With the pictures omitted, print exactly the lines below, from the one containing "Aeolian islands - ID 385" through the one containing "Alba---formaggino-with-herbs-500g.jpg", and nothing else.

• **MATERIAL FOR THE TASK**:
_ _ _ _ _ _ _

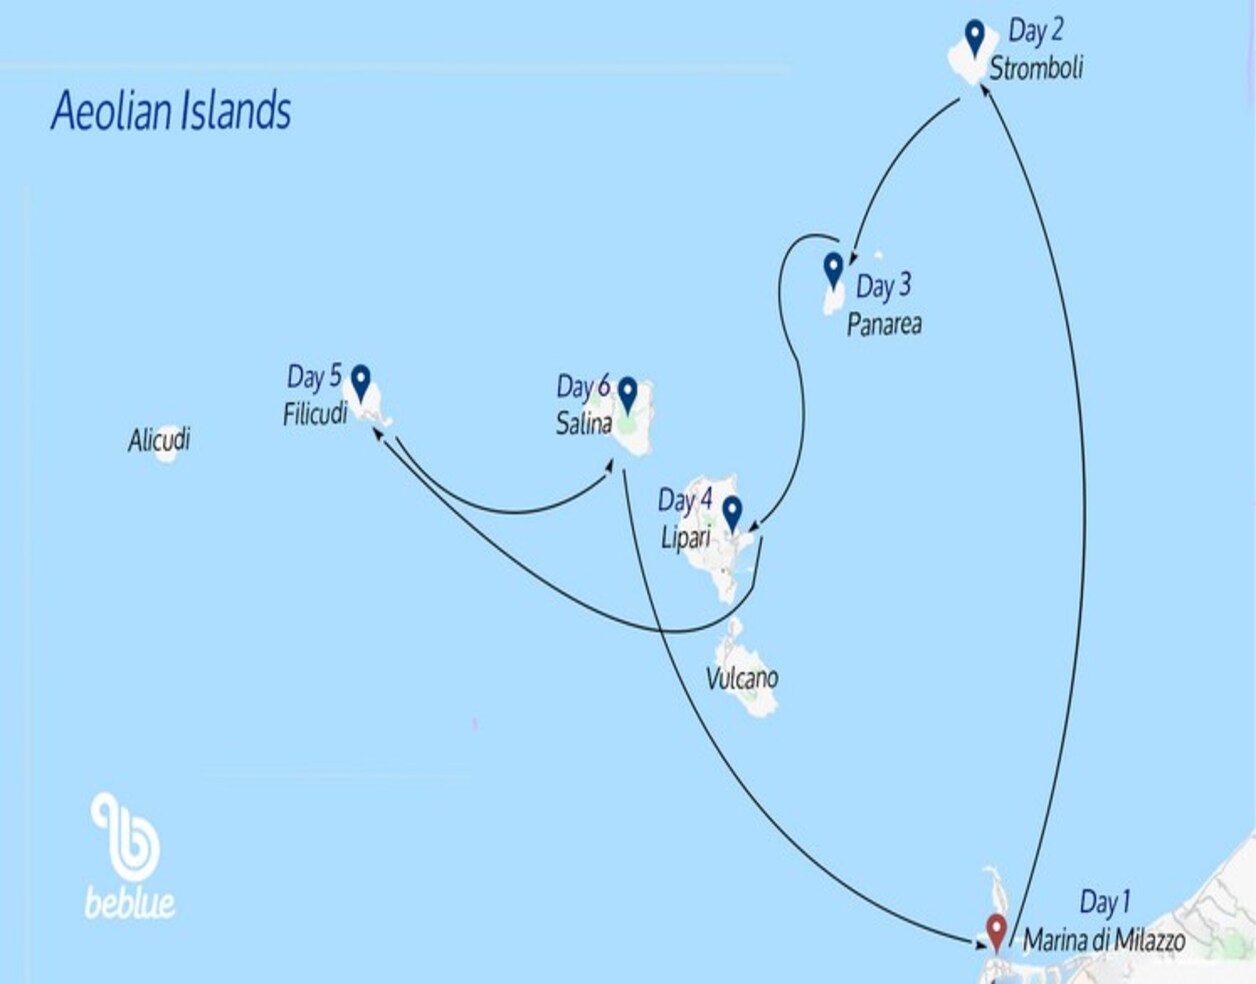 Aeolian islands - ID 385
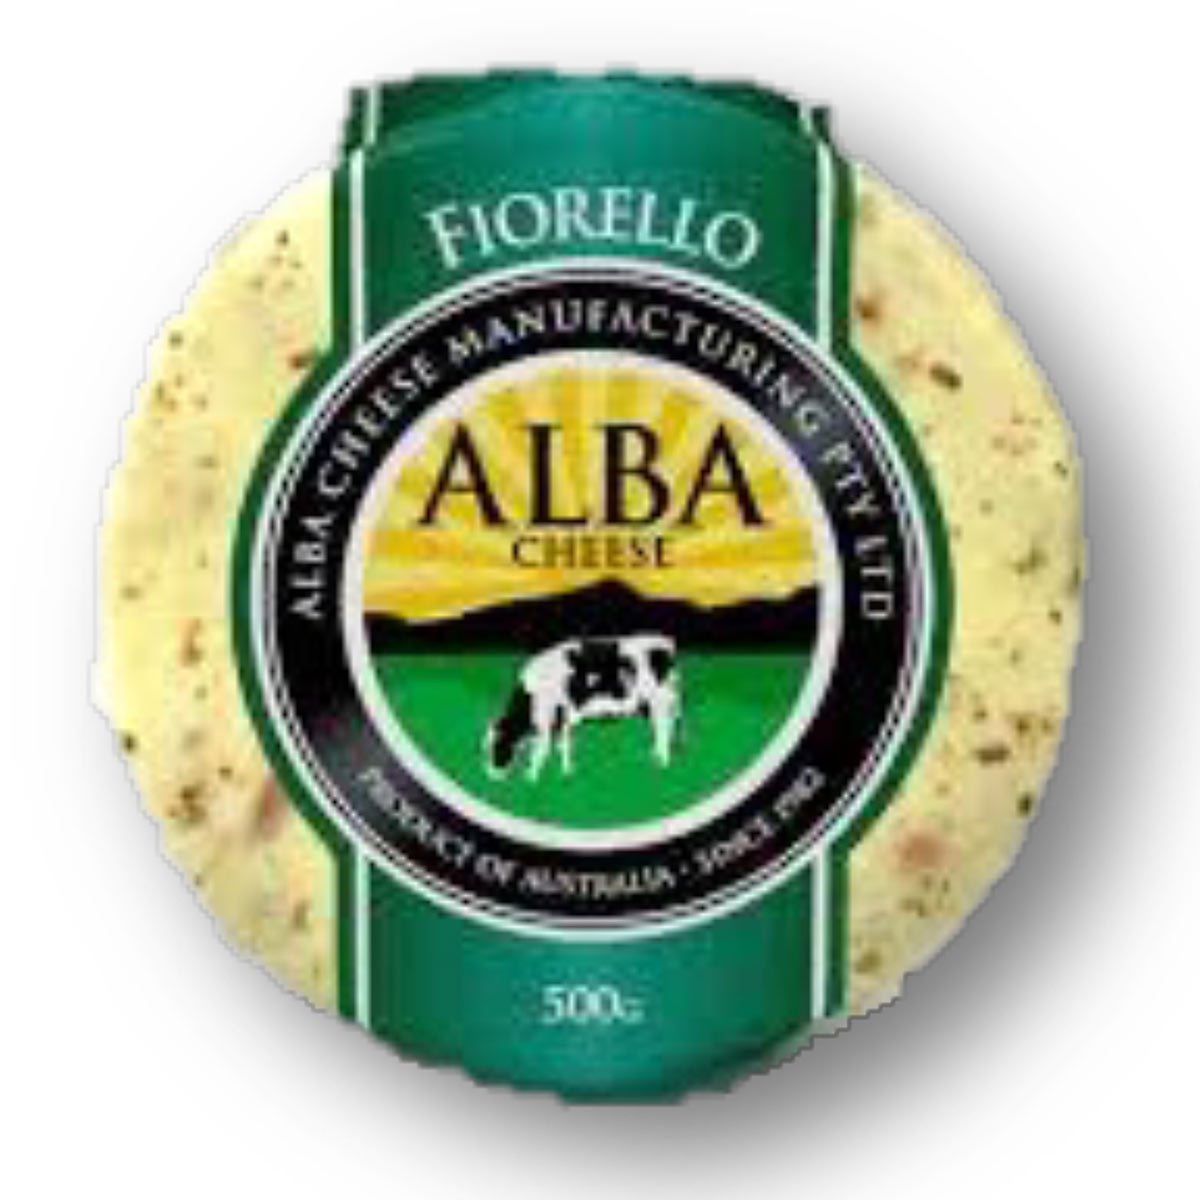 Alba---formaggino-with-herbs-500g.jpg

_ _ _ _ _ _ _

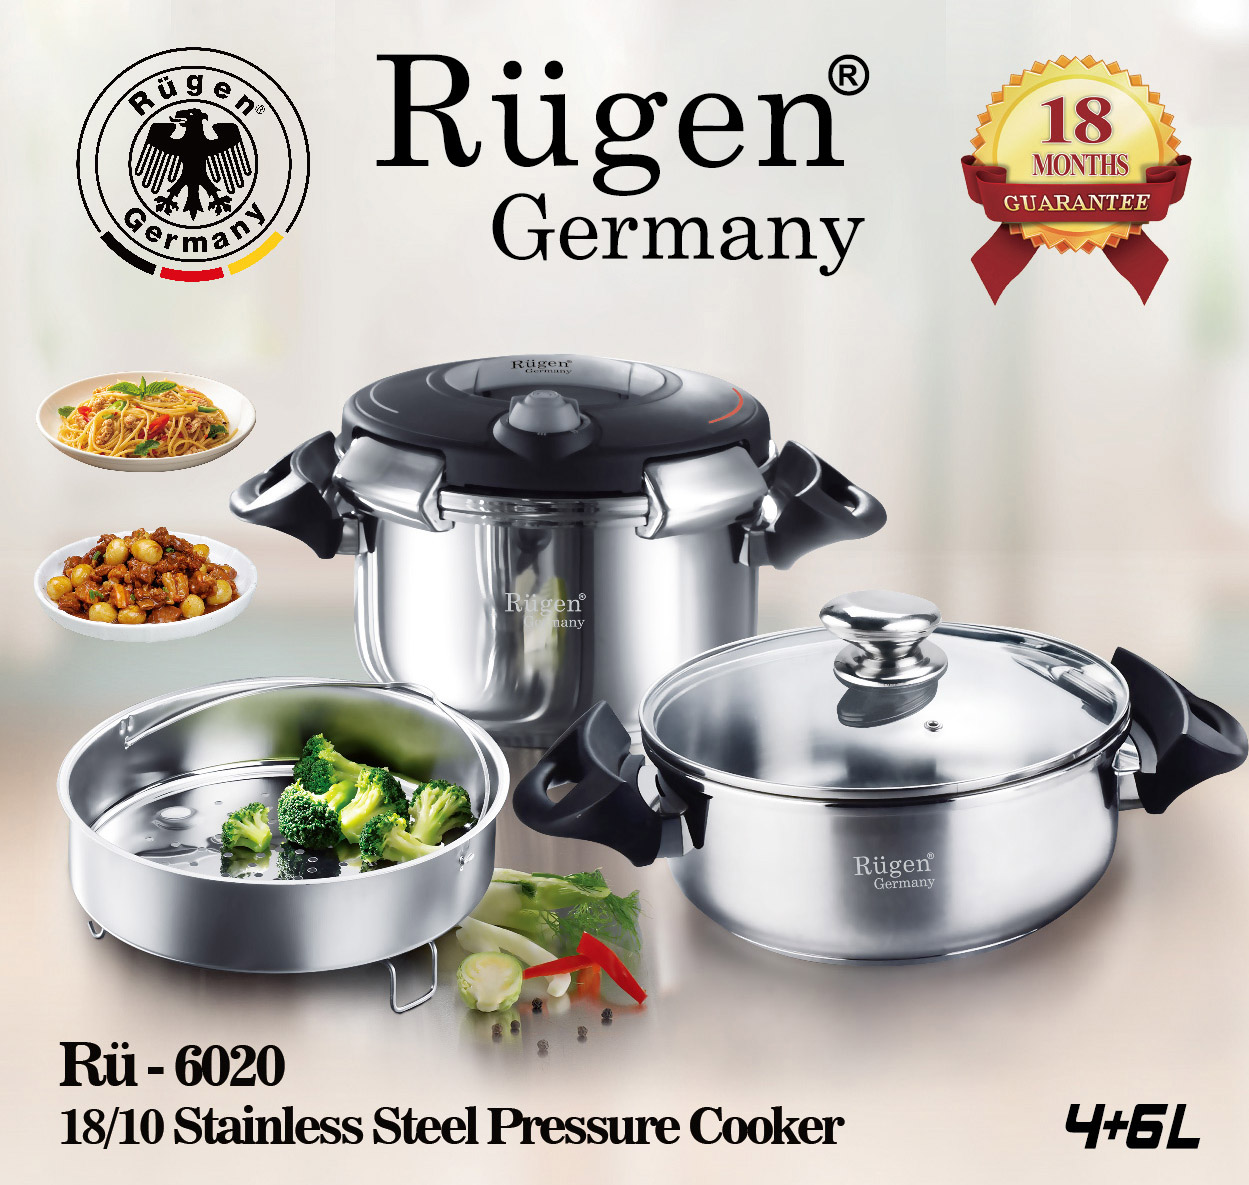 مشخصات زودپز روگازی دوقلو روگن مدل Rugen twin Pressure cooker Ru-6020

_ _ _ _ _ _ _

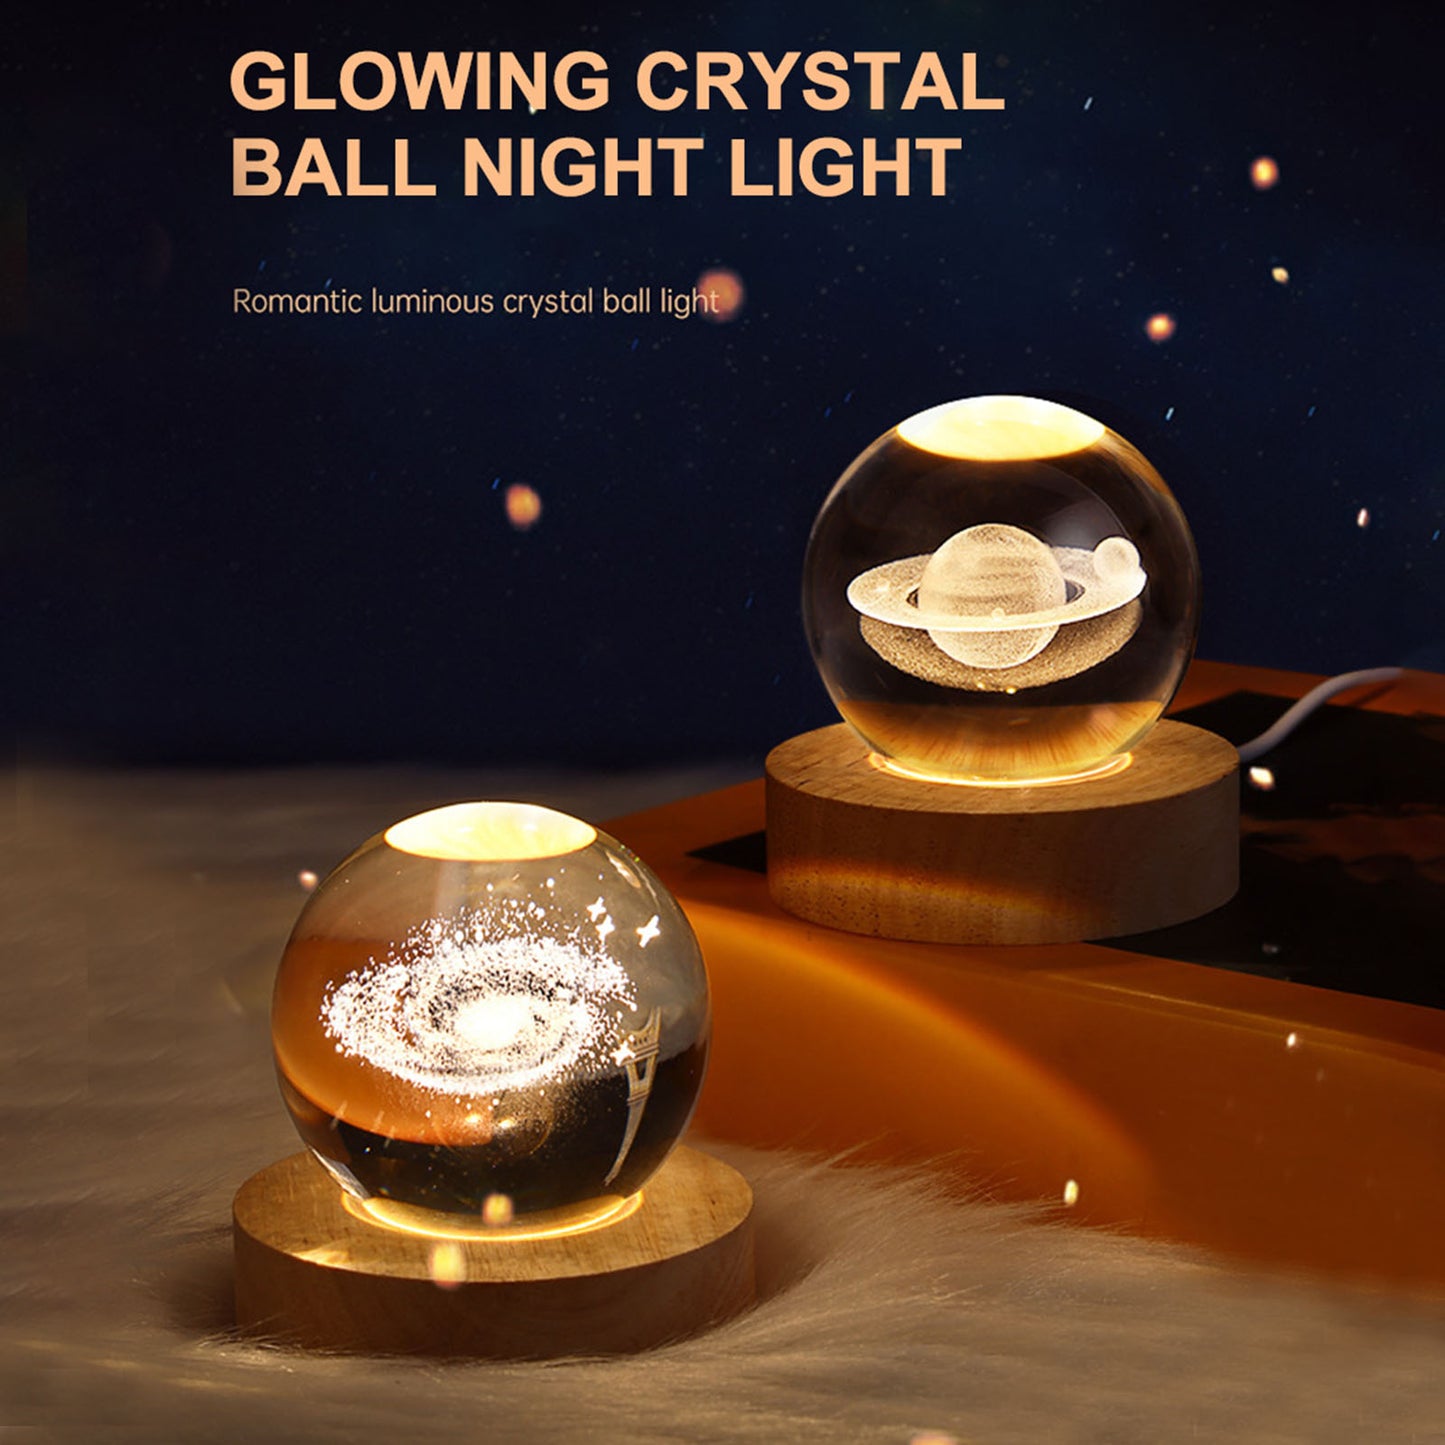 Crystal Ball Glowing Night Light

_ _ _ _ _ _ _

• **RESPONSE AREA**:
 Aeolian islands - ID 385
 Alba---formaggino-with-herbs-500g.jpg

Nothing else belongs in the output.